* Assignment
What follows is a listing; repeat exactly, and only, its lines from the one holding "真夜中ピアース不定研磨ヘッド 回転工具 研磨ドリルグラインダーホイールブラシジュエリー研磨工具(M)" through the last, leaving any pictures out.

* Given data
Segment Open

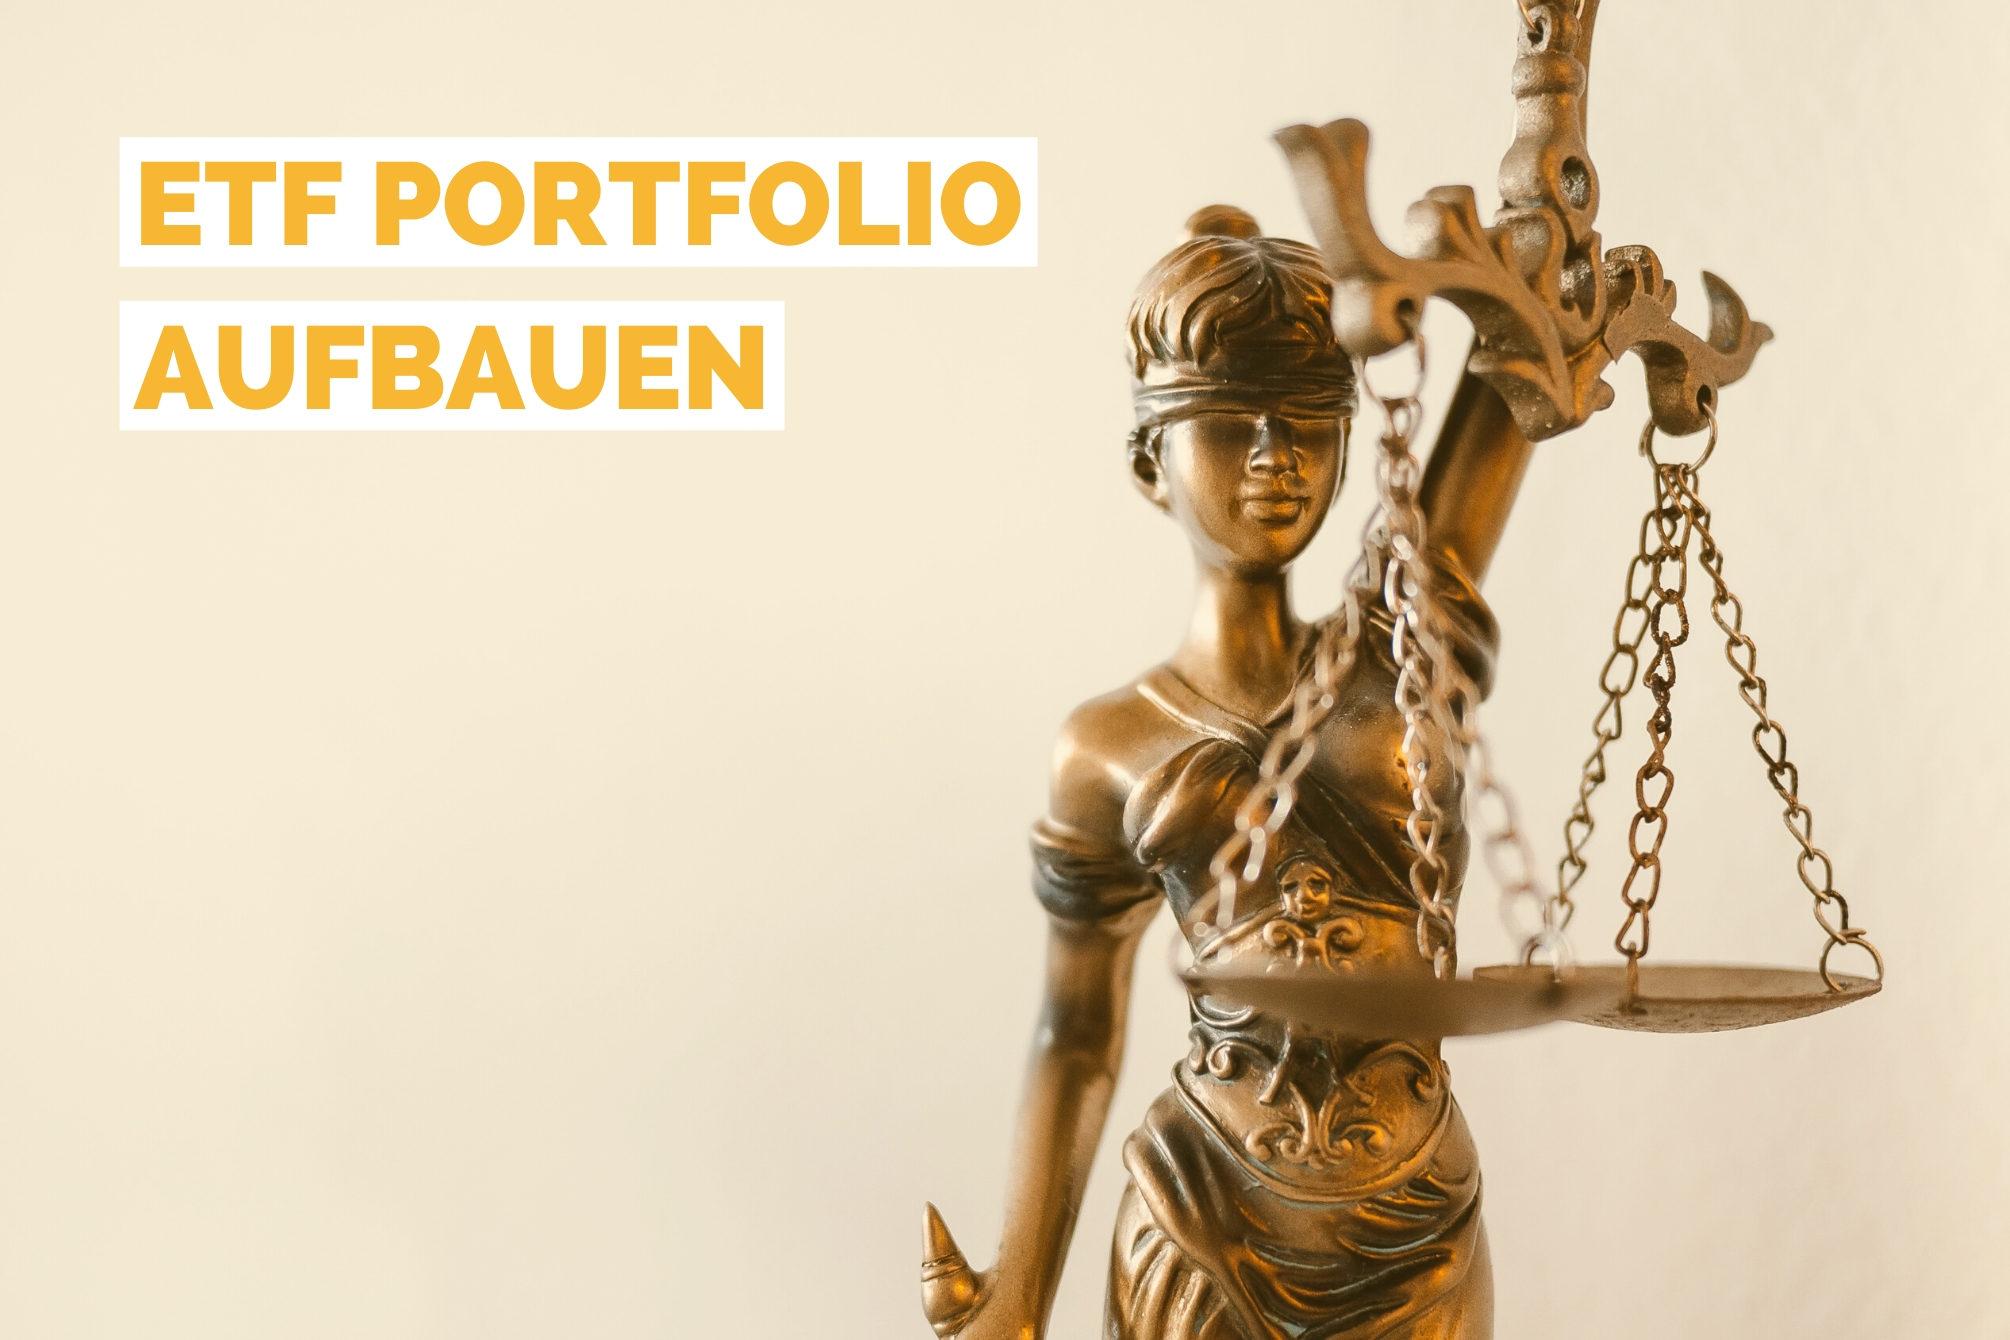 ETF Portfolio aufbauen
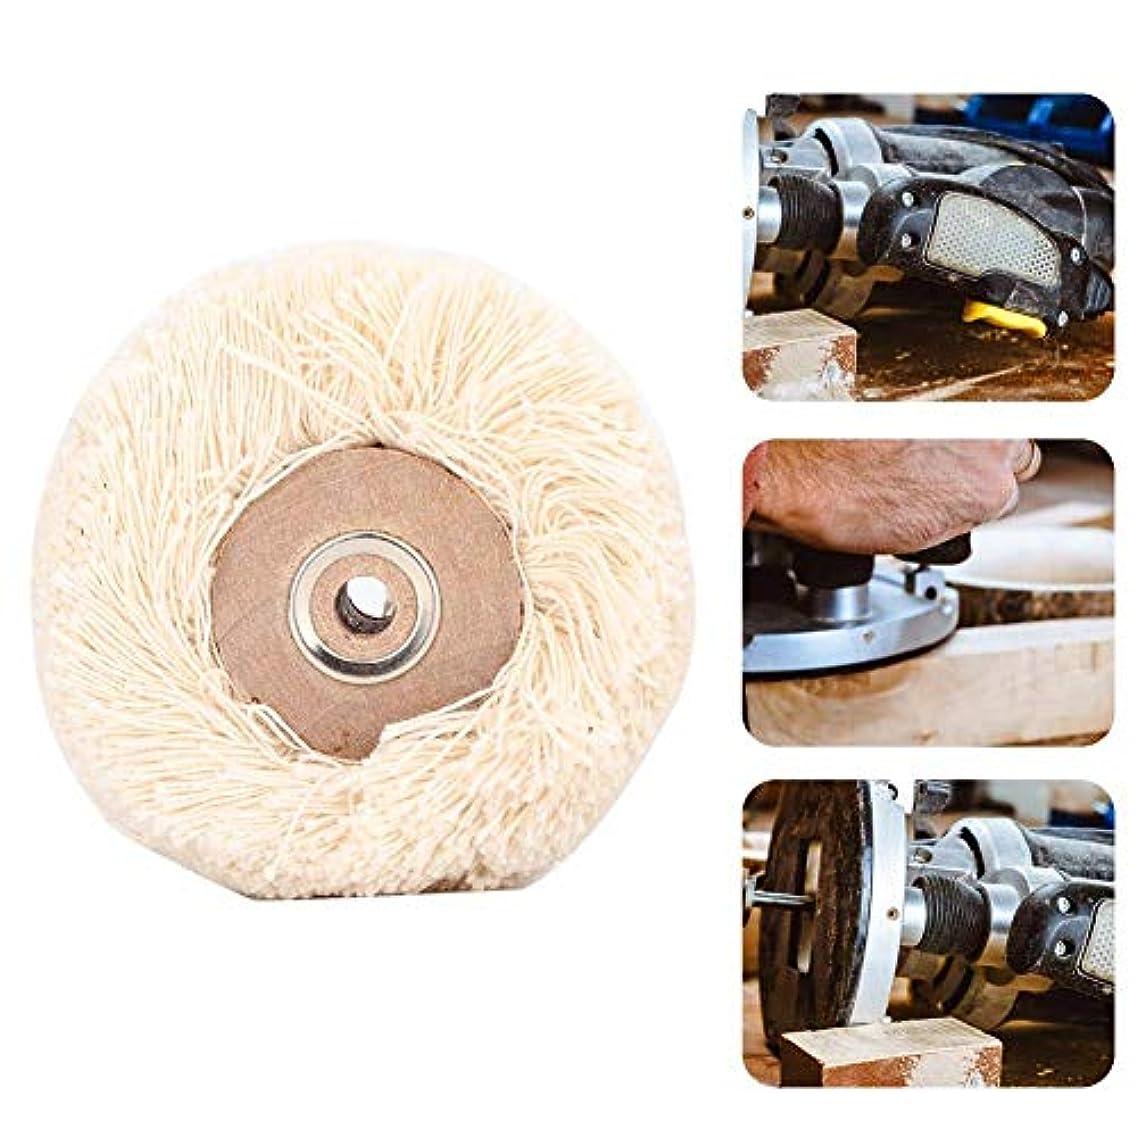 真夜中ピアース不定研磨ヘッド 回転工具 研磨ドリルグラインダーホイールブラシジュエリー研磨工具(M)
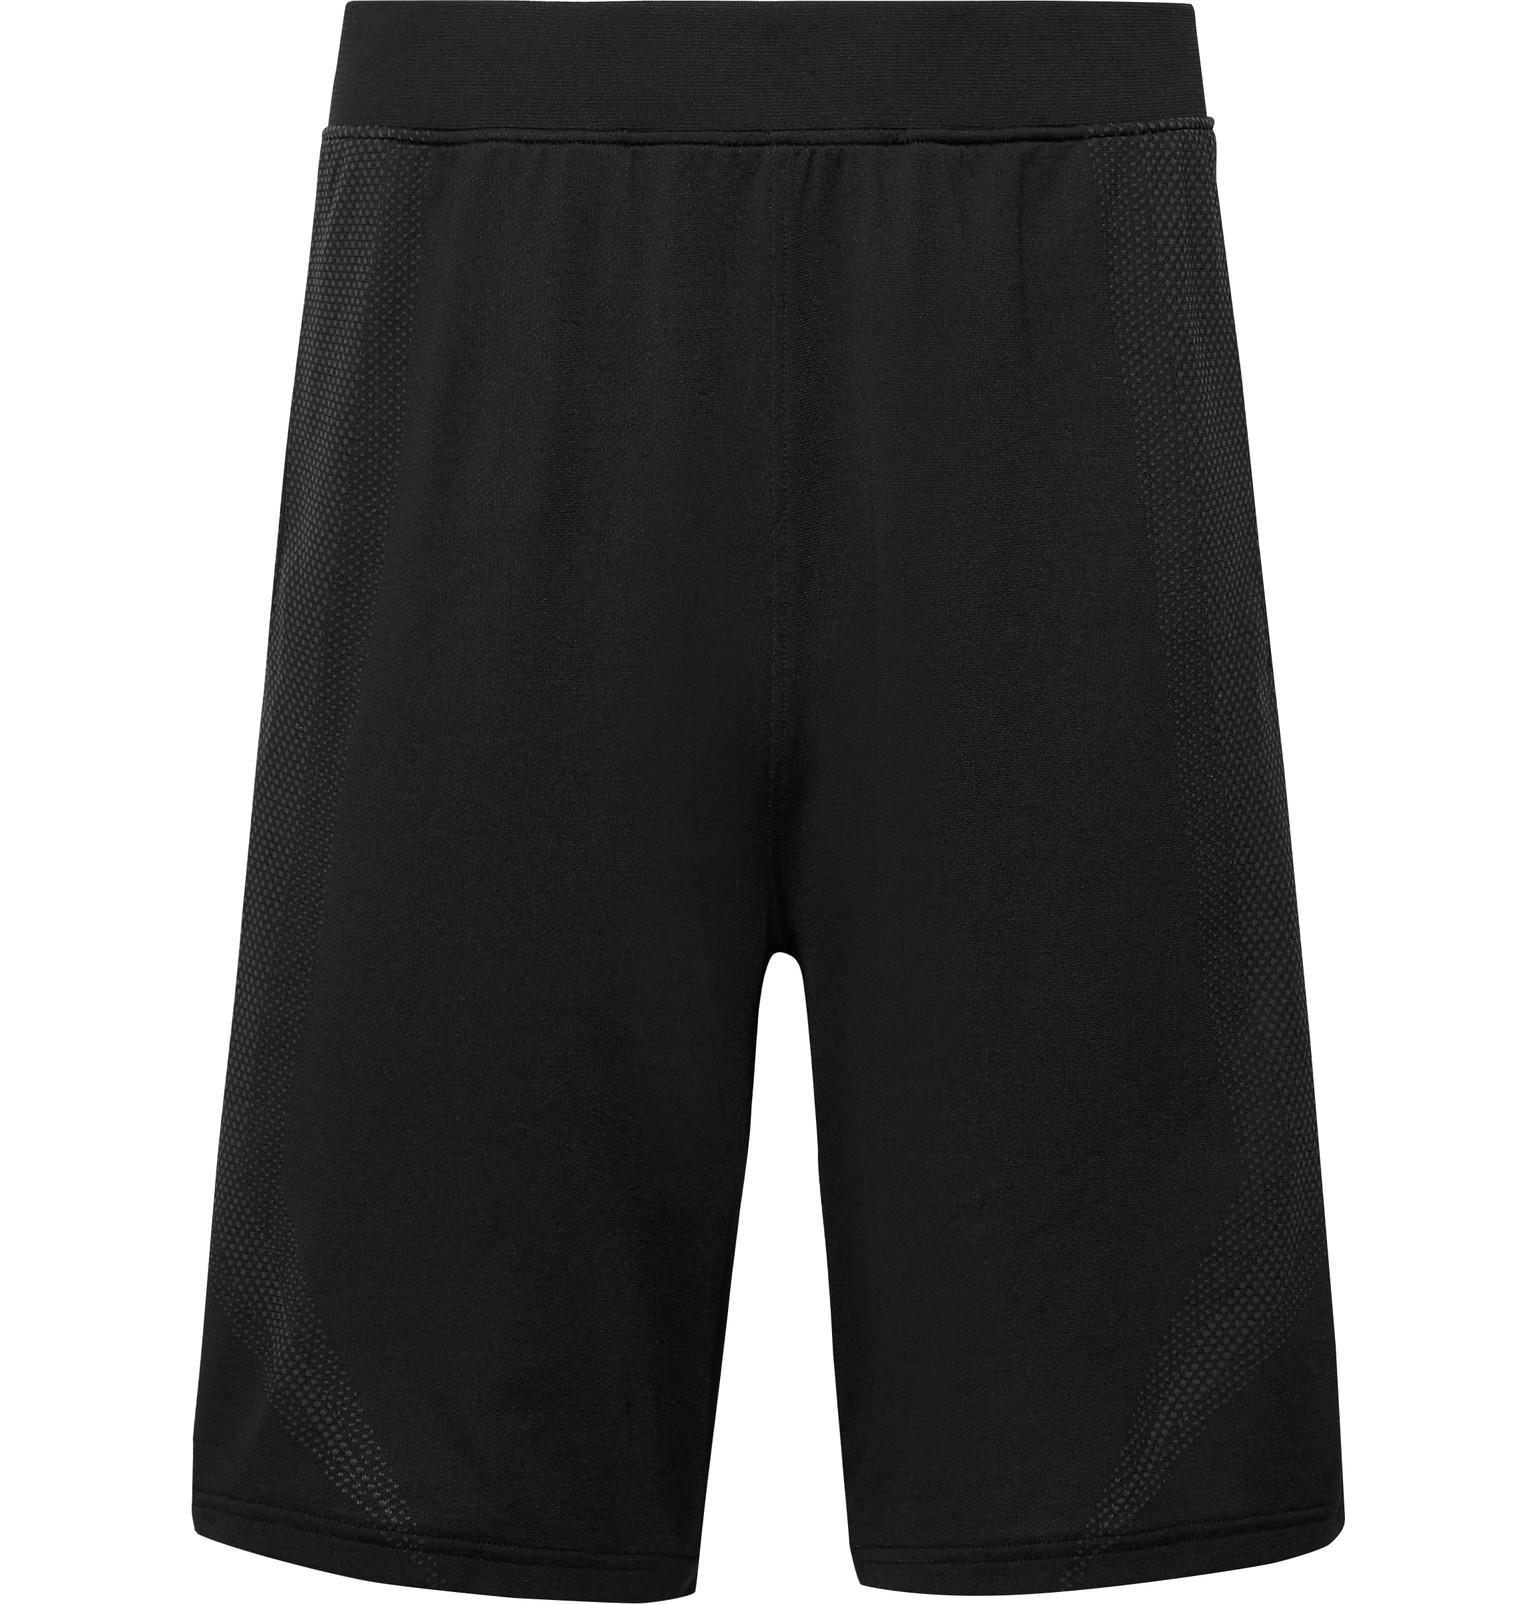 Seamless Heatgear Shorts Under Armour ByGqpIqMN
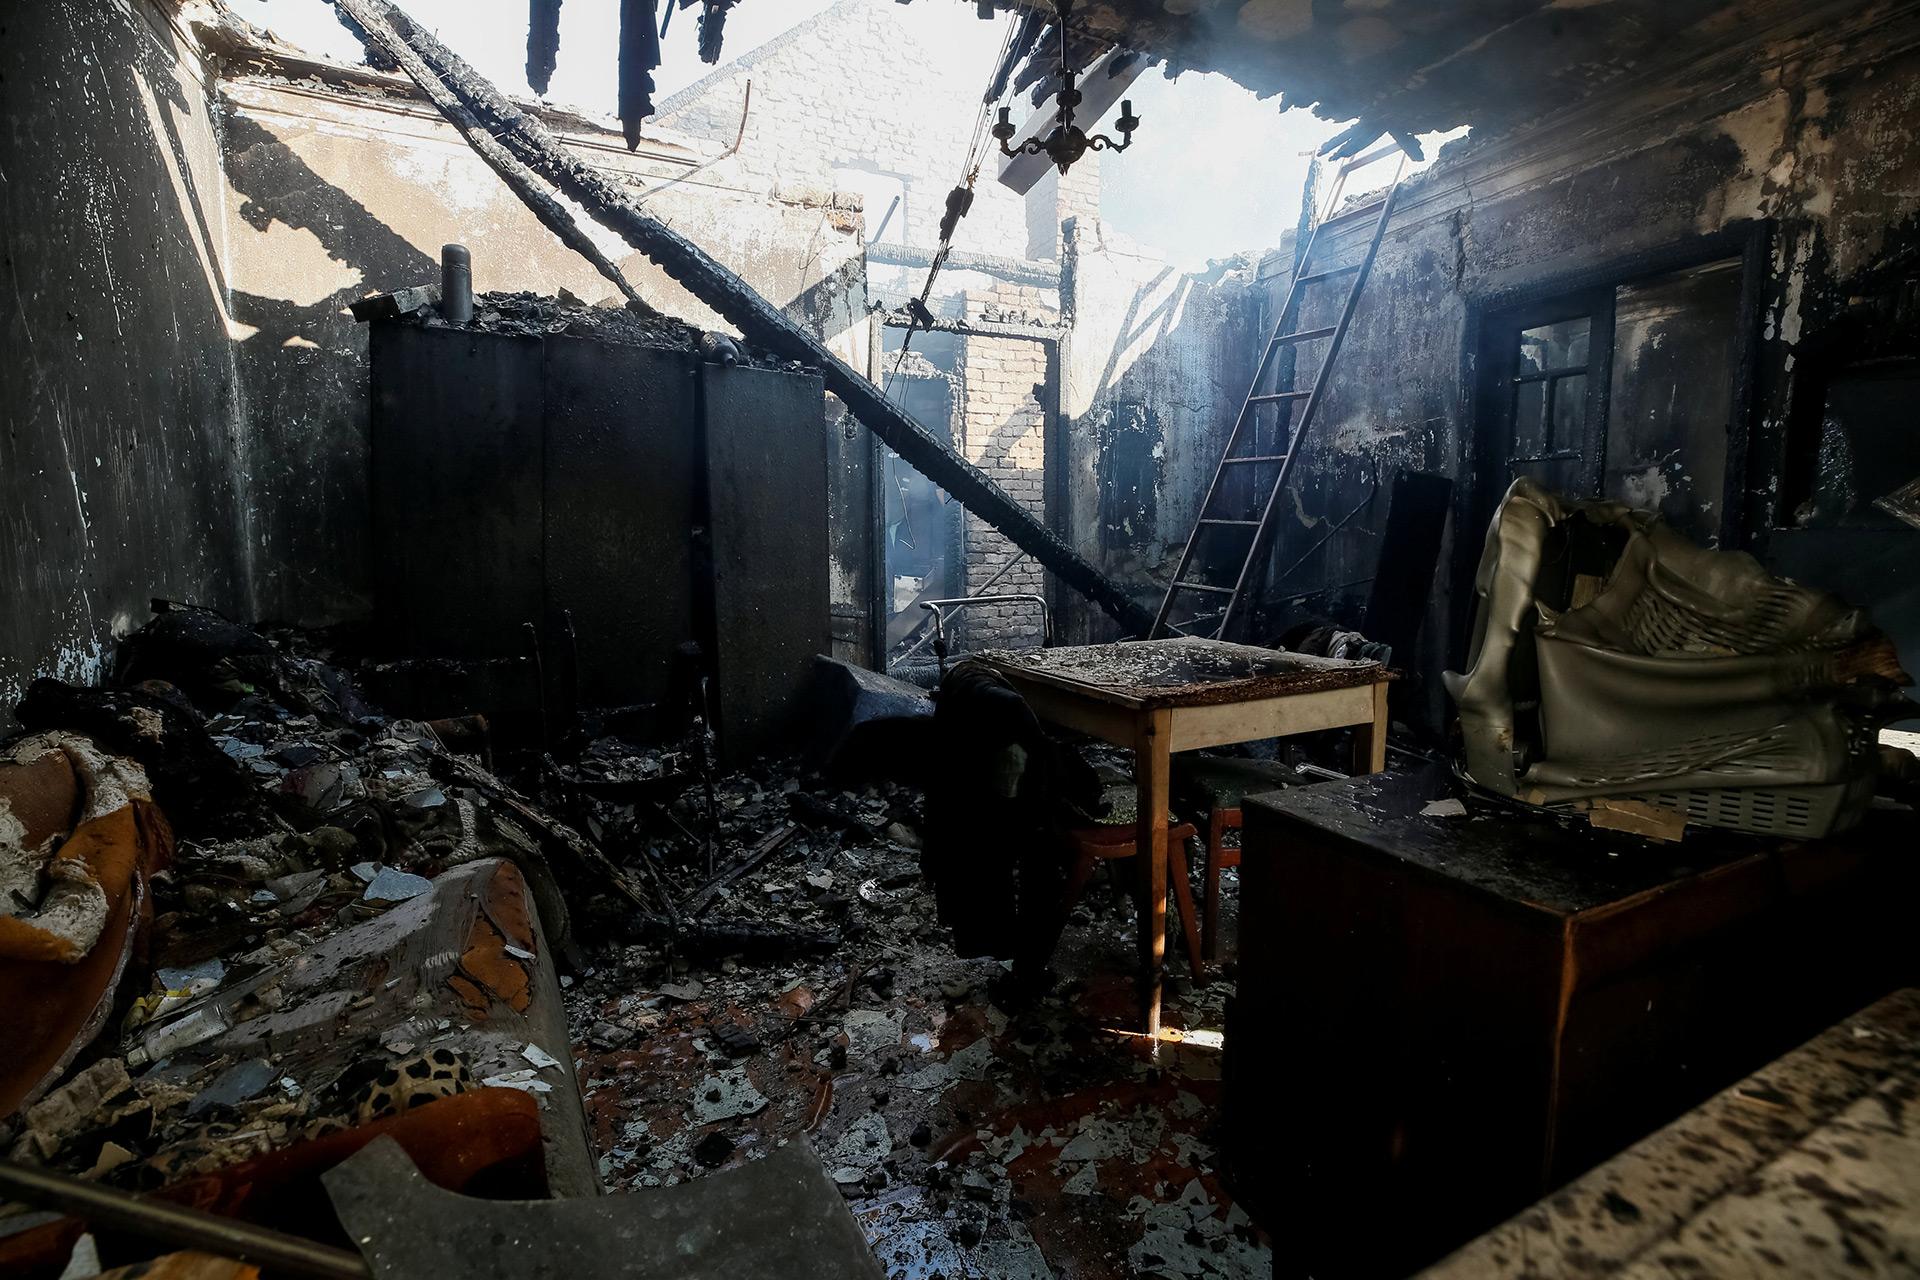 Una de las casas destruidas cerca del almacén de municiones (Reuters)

Segment Closed

* Response
 真夜中ピアース不定研磨ヘッド 回転工具 研磨ドリルグラインダーホイールブラシジュエリー研磨工具(M)
 Seamless Heatgear Shorts Under Armour ByGqpIqMN
 Una de las casas destruidas cerca del almacén de municiones (Reuters)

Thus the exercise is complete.